At least that’s what he’d said.
And how he’d decorated the golf cart in purple and white streamers and carnations—our school colors—and how hard I’d laughed when I’d seen it, and how hard our friends had laughed when we’d cruised up to Matsumori’s Tiki Palace in it, and how much fun we’d had after dinner at the prom, dancing and drinking adult beverages that someone had acquired from their parents’ liquor cabinet, the first time I’d ever done such a thing, and then how we’d driven the golf cart home, having the night of our lives . . .
Until the golf cart ended up in the country club’s pool, with both of us still inside, enraging the club’s aging security guard, who called the police, who in turn called Reed’s father, who disowned his youngest son on the spot, not so much for the damage he’d caused the club, the injury done to me (I dislocated a shoulder), and embarrassment he’d inflicted upon the Stewart family (it made the local paper), but because Reed chose that moment—as I was being loaded into an ambulance—to blurt to the Judge that he had no intention of following in his father’s footsteps and becoming a lawyer someday. He wasn’t even going to college upon graduation (as his parents were expecting him to do: he’d received a four year athletic scholarship to Indiana University). Instead, he was going to move to California to live with his uncle, a professor of psychology, and become a professional golfer.
“Is that all?” Graham asked, as he made the turn towards the house in which I’d lived all my life. “My God, the way those girls were carrying on, I thought it was something much worse.”
How could I tell Graham that it was . . . much, much worse?
I couldn’t, not without explaining everything else . . . how I’d hated Reed Stewart, not after what he’d done to me, but before we’d ever even gone out, hated seeing his tanned, lanky body in the cafeteria, in those stupid Polo shirts and khaki pants, with those even stupider rich boy Ray-Bans tucked into that dark curly hair. Hated, hated, hated him, and the way he drove that BMW to school, instead of taking the bus like Nicole and me, because our dad had no money and wasn’t a judge, he only owned a moving company and lifted boxes all day instead of making life-changing decisions.
Until the day Mrs. Leland forced us to split into pairs in government class to prepare oral presentations on the McCarthy era, and I got Reed Stewart as a partner.
I thought I would die of disdain until Reed looked at the book I was sneak-reading (because Government was so boring) and said, “‘There are few people whom I really love and still fewer of whom I think well.’”
I stared at him in shock. “You’ve read Pride and Prejudice?”
“Yes, Flowers.” He smirked. “I can read, you know.”
It was as if he’d peered into my brain.

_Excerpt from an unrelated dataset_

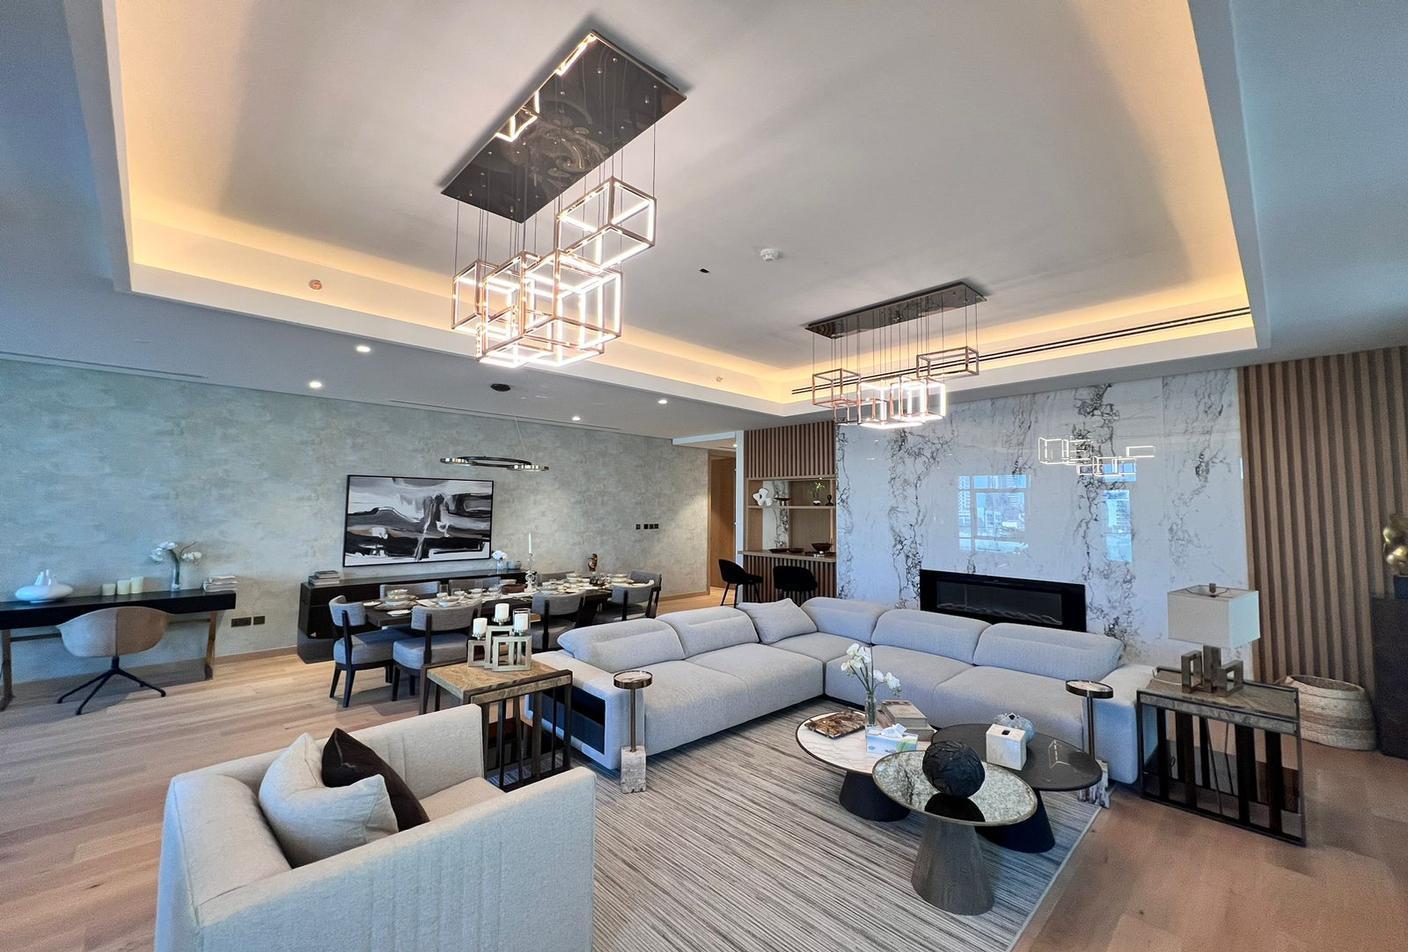 3 bed, 5 bath Hotel & Hotel Apartment for sale in One Reem Island, Shams Abu Dhabi, Al Reem Island, Abu Dhabi for price AED 4120000 
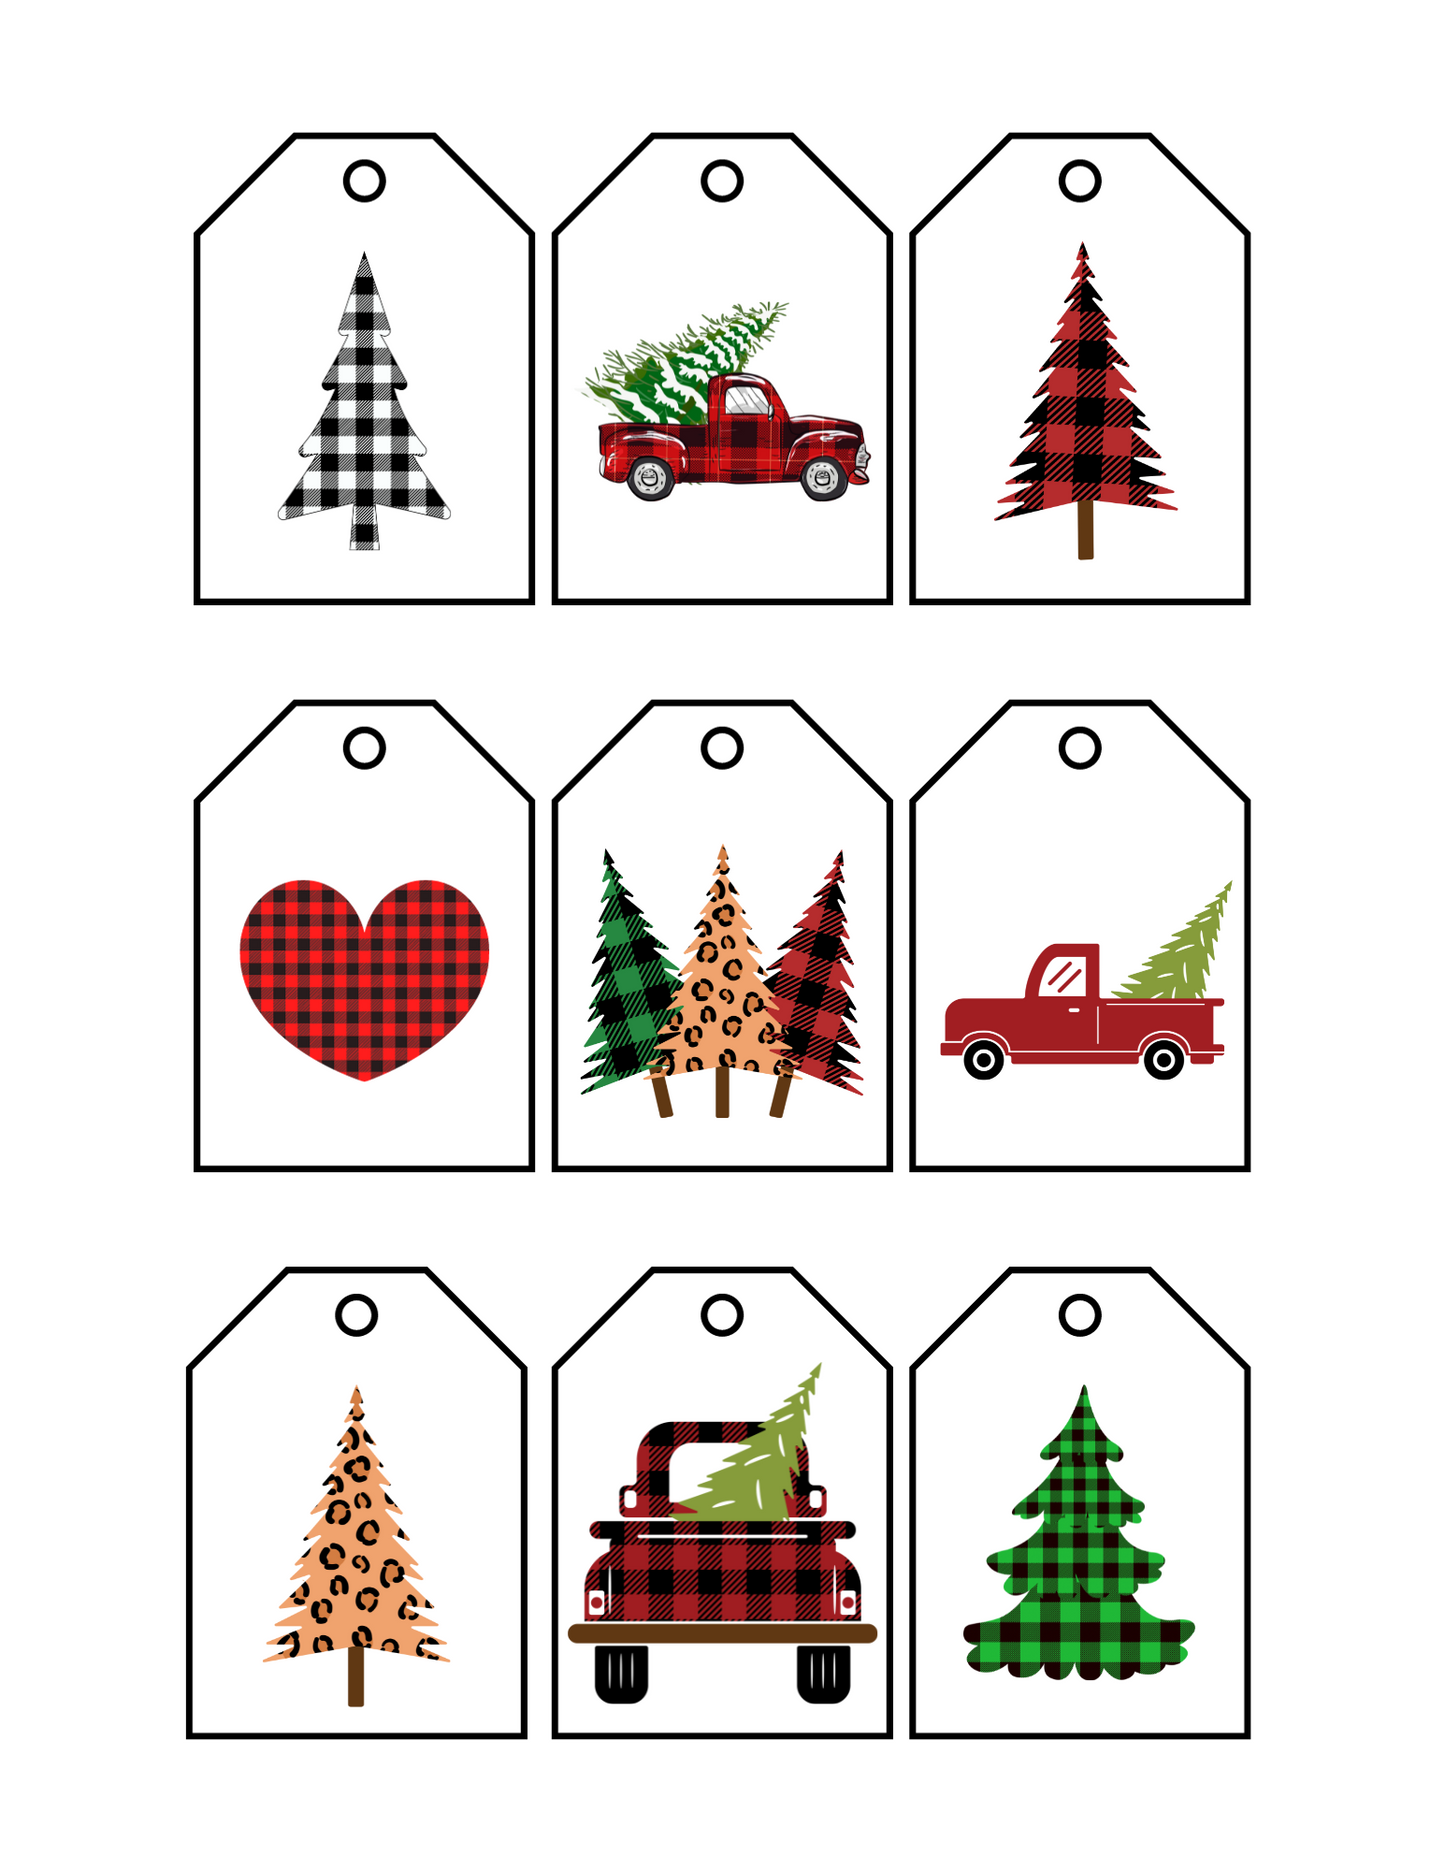 Buffalo Check Holiday Gift Tags - Printable Digital Download ~ Sharon Dawn Collection

No, my soul.
“But . . .” I’d felt dismayed because all of my illusions about him being a stuck-up, ignorant rich boy jock were crumbling. “Pride and Prejudice?” How? How was this possible?
He’d shrugged. “Reading is important to my dad. He won’t let us eat until we quote something literary. Kind of like how some families say grace? In our house, we have to prove we’ve spent ten minutes of every day in a rational manner . . . or that’s how he puts it, anyway. I love our housekeeper’s baked chicken more than anything in the world, so I memorized Austen pretty quick. I get why you like that one.” He nodded at my copy of Pride and Prejudice. “But I prefer the other one—Emma. It’s got a little more action. So, anyway.” He lifted our textbook. “Joe McCarthy. What a dick, am I right?”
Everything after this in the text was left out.